Yes, I think the character encoding model is broad enough to apply
to any CCS, not just the Unicode Standard. That's basically why we
can transcode between Unicode and legacy standards.
> However, it does raise a new problem. Isn't the definition of 'string'
> in the XPath specification then wrong?
>
> Strings consist of a sequence of zero or more characters, where a
> character is defined as in the XML Recommendation [XML]. A single
> character in XPath thus corresponds to a single Unicode abstract
> character with a single corresponding Unicode scalar value (see
> [Unicode]); [...]
> <URL: http://www.w3.org/TR/xpath#strings >
>
> As far as I can tell, one of these two claims must be wrong. That is,
> either a single XPath character does not necessarily correspond to a
> single Unicode abstract character, or else a single XPath character
> need not correspond to a single scalar value.

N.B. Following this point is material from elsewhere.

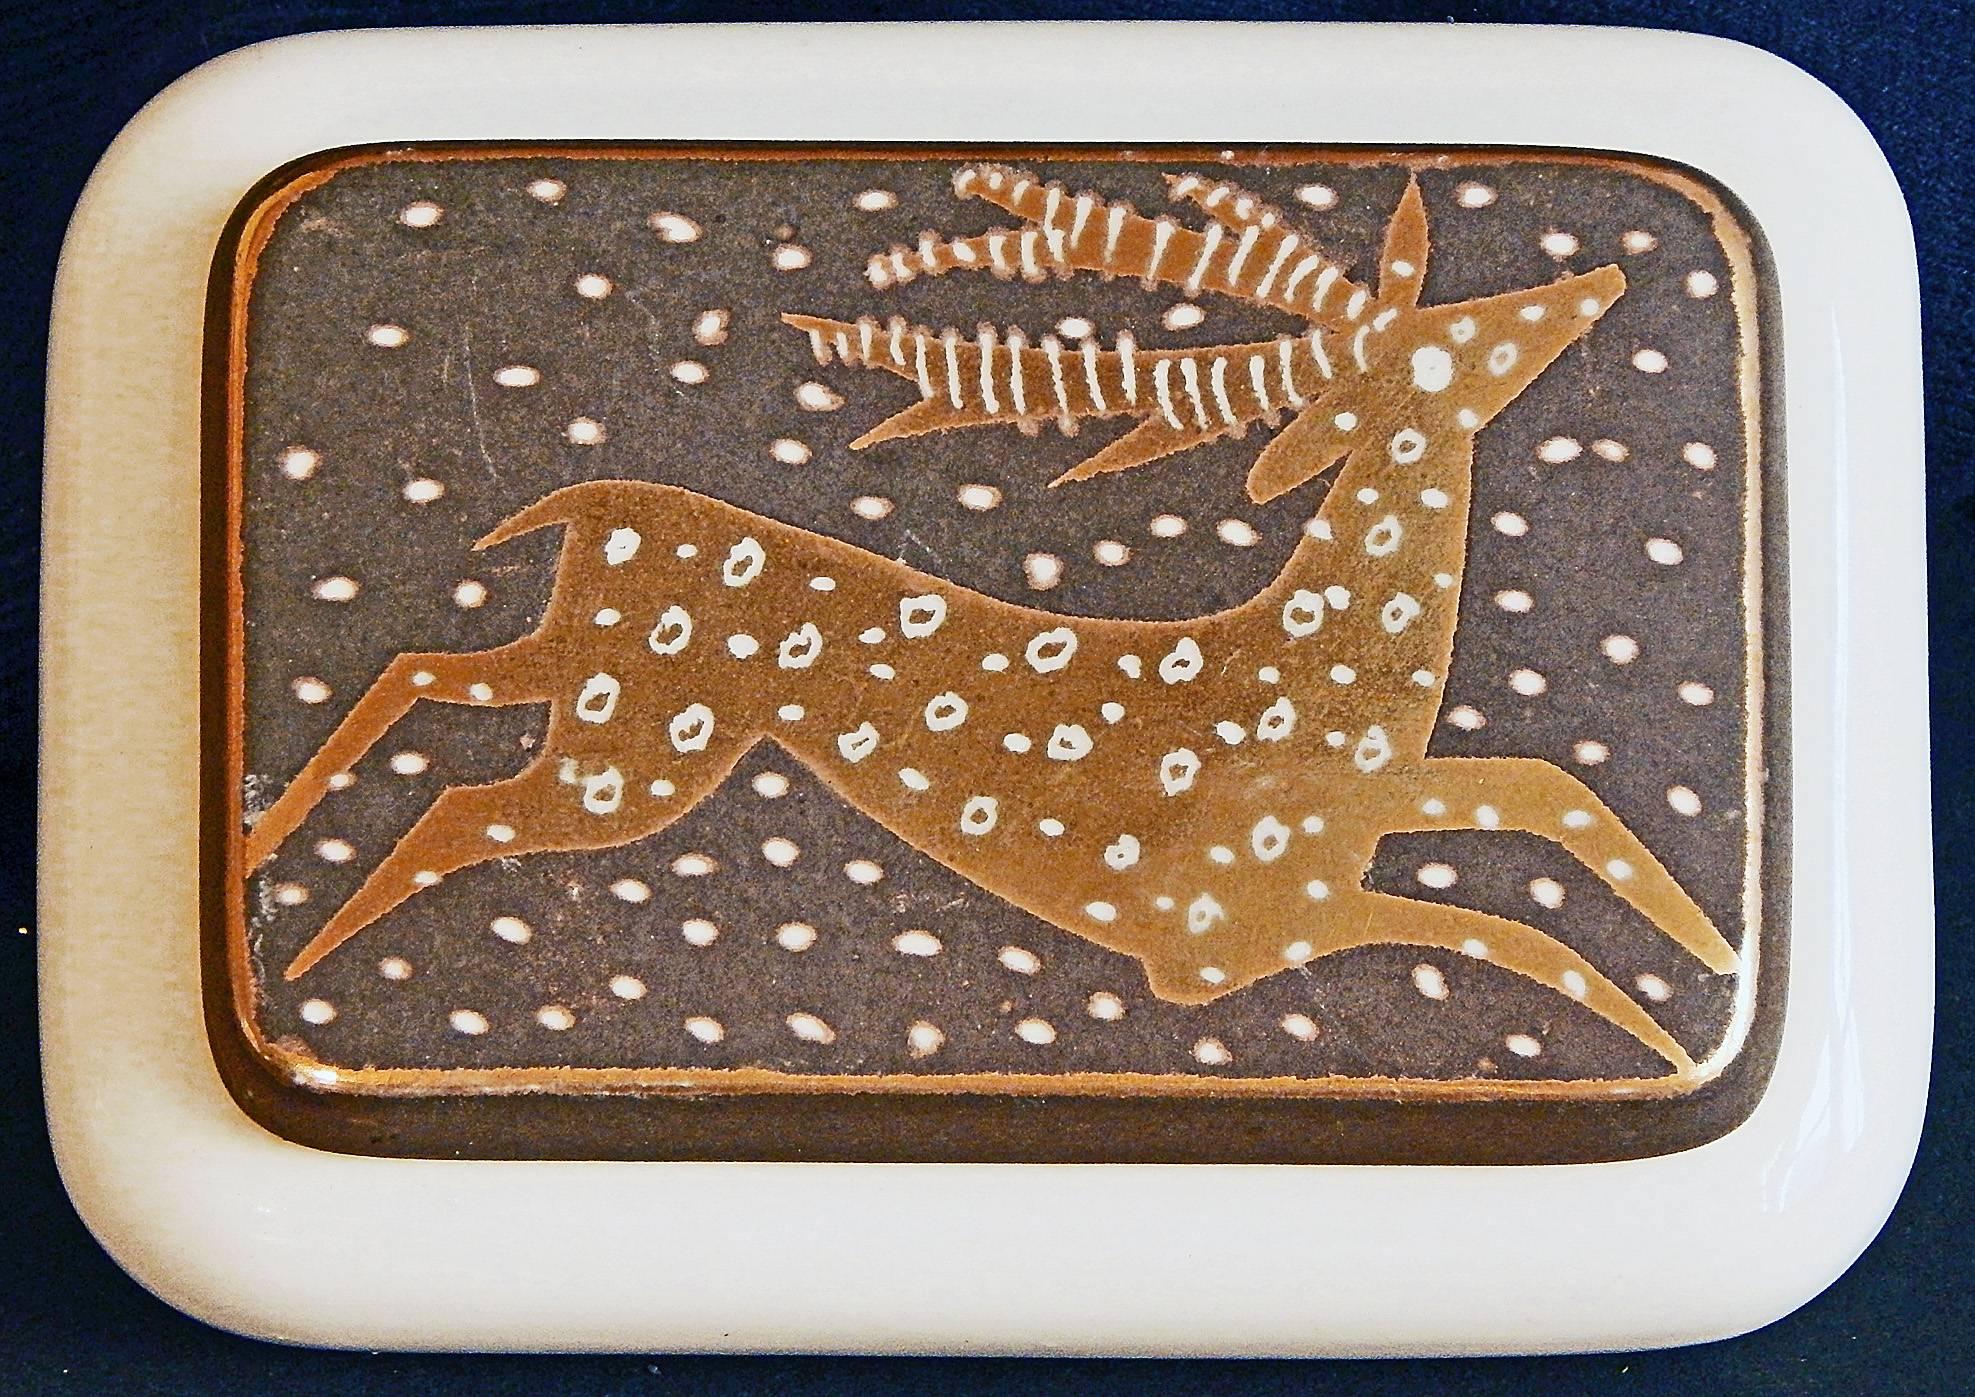 Magnifiquement émaillée dans des tons d'or et de gris foncé chaud, cette boîte en céramique à couvercle représente un cerf bondissant sur son couvercle, les taches sur sa fourrure faisant écho aux gros flocons de neige dans l'air. L'artiste,

No, I think it is correct, if somewhat convoluted. Basically, it
is trying to say that each XPath character corresponds to a single
Unicode encoded character. By my discussion in the previous note,
a Unicode encoded character maps a (single) abstract character to
a (single) code point [and because of the constraints of the UTF
definitions, the only valid code points are the Unicode scalar
values].
>
> Does that sound reasonable?
The trick for understanding Unicode -- once you have the
basic encoding principle down -- is to realize that the ideal
one-to-one mapping situation is violated in practice for a variety
of reasons. In the clarification about abstract characters that
I quoted earlier in this thread, I abridged further discussion
about all the edge cases. For those strong of stomach, read on.
--Ken
================ formulation of CCS and exceptions ============
What is the CCS?
The CCS is a function f.
The domain X of the function is a repertoire of abstract characters.
The codomain Y of the function is the codespace.
For each x [abstract character in the repertoire], f(x)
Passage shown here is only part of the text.